Двадцать лет боли и разочарования: как бывшая семья мужа превратила мою жизнь в кошмар
Когда я в последний раз захлопнула дверь своей московской квартиры, мне казалось, что начинаю новую, светлую главу. Я улетала не просто в другой город, а в Санкт-Петербург чтобы стать женой. Не просто женой, а супругой уважаемого человека интеллигента, разведённого, зрелого, который ради меня оставил прошлую семью. Свадьба в Исаакиевском соборе, под шёпот северного ветра, казалась началом сказки. Зависть подруг, восхищение знакомых, приёмы в старинных особняках, фуршеты, фотографии в глянцевых журналах казалось, судьба наконец подарила мне то, о чём мечтает каждая. Но я и представить не могла, что всё это окажется позолотой, под которой скрываются годы унижений, предательства и ледяного одиночества.

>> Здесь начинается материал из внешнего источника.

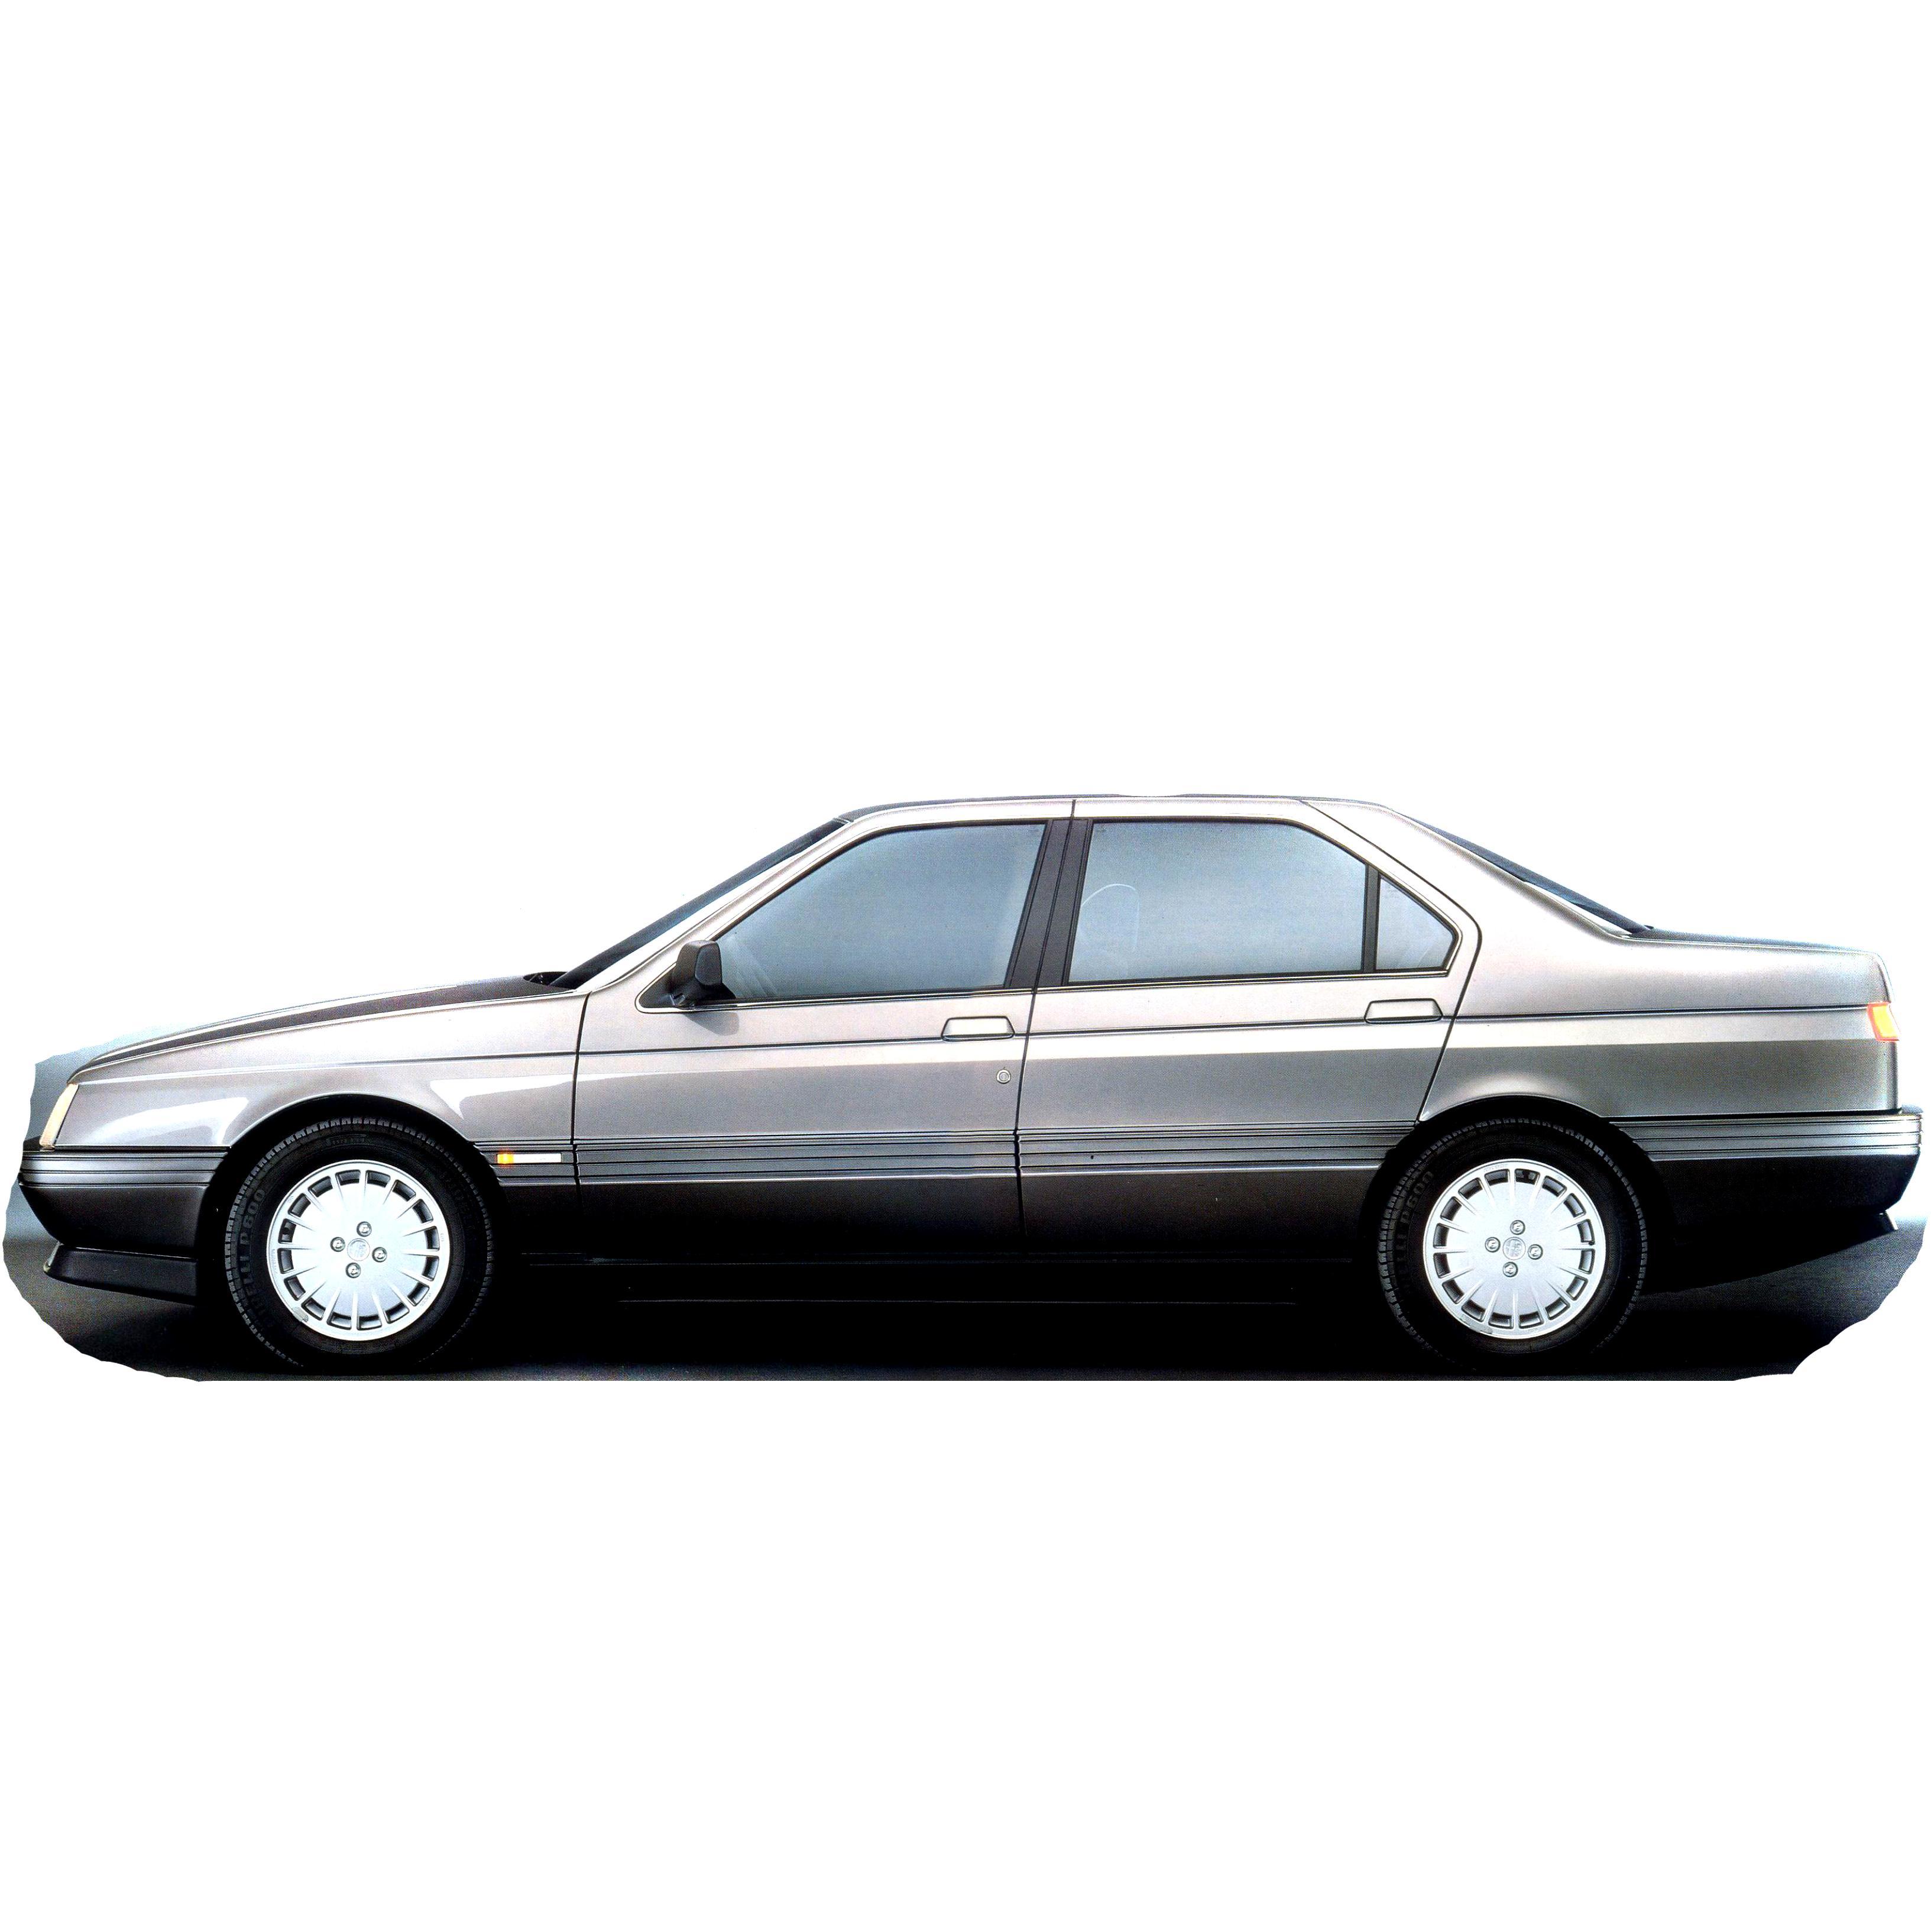 Alfa Romeo 164 1988 On MotoImg.com

Марк был старше меня на четверть века. Детей у нас не было мне уже под сорок, а он начал сдавать. Его взрослые дочери, почти мои ровесницы, Варвара и Полина, с первого дня смотрели на меня с презрением. В моих глазах они были наглыми, избалованными халуями. Они приходили в наш дом, уносили картины, фарфор, серебро. Никогда не спрашивали. Марк молчал. Молча позволял обчищать нас его новую семью. Он жил со мной, но продолжал платить алименты бывшей. Да, это было в договоре. Пока мы ютились в съёмной квартире, его экс-жена купалась в роскоши их общего дома и ежемесячных переводах с его пенсии. Я варила ему борщ, сидела у постели, когда он не мог подняться, а деньги уплывали в прошлое.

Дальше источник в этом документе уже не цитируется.